Bevor jetzt wieder ein kluger Spruch von jemandem kommt: Nein, an der restlichen Hardware liegt es nicht und bis vor dem Patch lief es noch 1A.
(AMD Athlon 6000+ X2, 2 GB 800 MHz Corsair usw.)


----------



## poTTo (16. Oktober 2008)

also ich hab noch den 175.19 drauf und kann über keine Probleme klagen. Allerdings nutz ich auch ne 8800er GT. Den neuen 178.24 lad ich aber ebenfalls grade, weil in der Charauswahl ruckelt es seit heute derbst. Ein Lag noch ohne Ingame zu sein *oO*.

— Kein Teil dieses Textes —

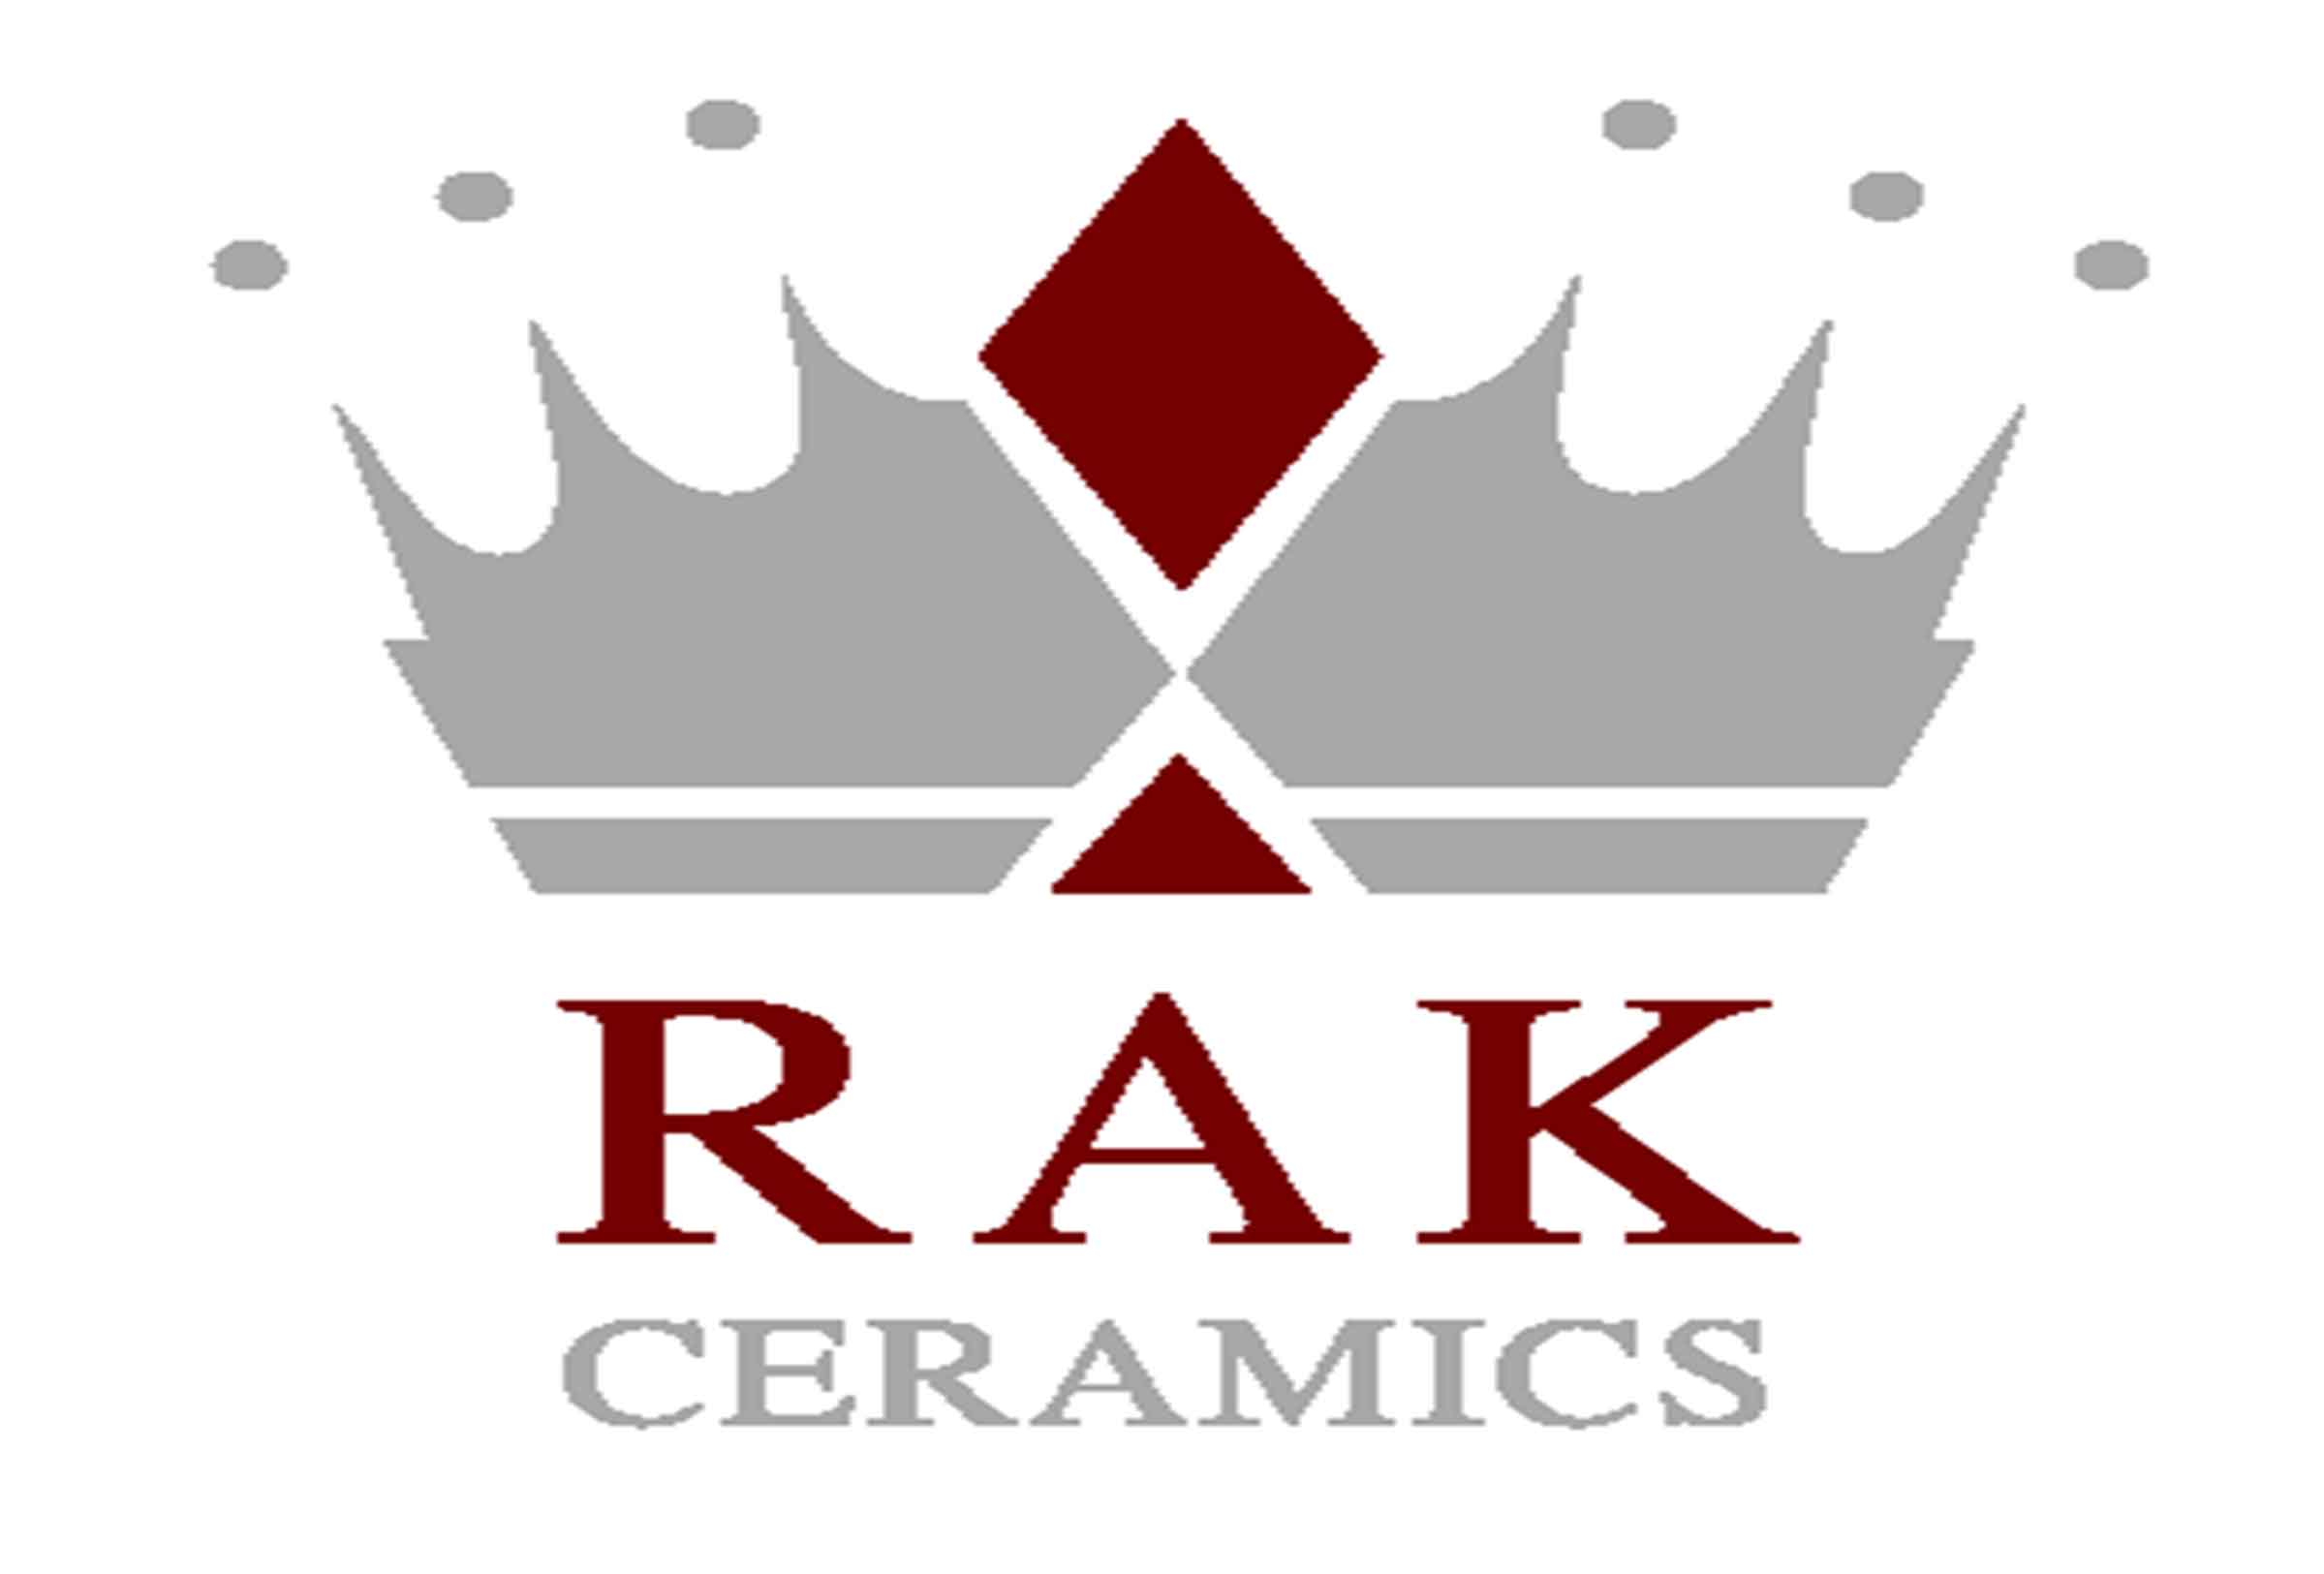  Rak  ceramics Logos

Fazit geb ich gleich wenn der Treiber drauf ist.


----------



## Mitzushi (16. Oktober 2008)

Habe den "Fehler" zumindest bei mir gefunden.
Alle Details wie gewohnt auf höchstem Level und höchster Auflösung.
Läuft jetzt wieder flüssig, nachdem ich den Schatten ausgestellt (niedrig) habe.
Jetzt läuft es wieder auf höchsten Detailgrad mit 60 FPS.
Irgendwie muss der Schatteneffekt extrem buggy sein, dass er die FPS von 60 auf unter 10 absacken lässt.
(ob der Fehler nun bei WoW selbst oder den Treibern zu suchen ist, bleibt offen)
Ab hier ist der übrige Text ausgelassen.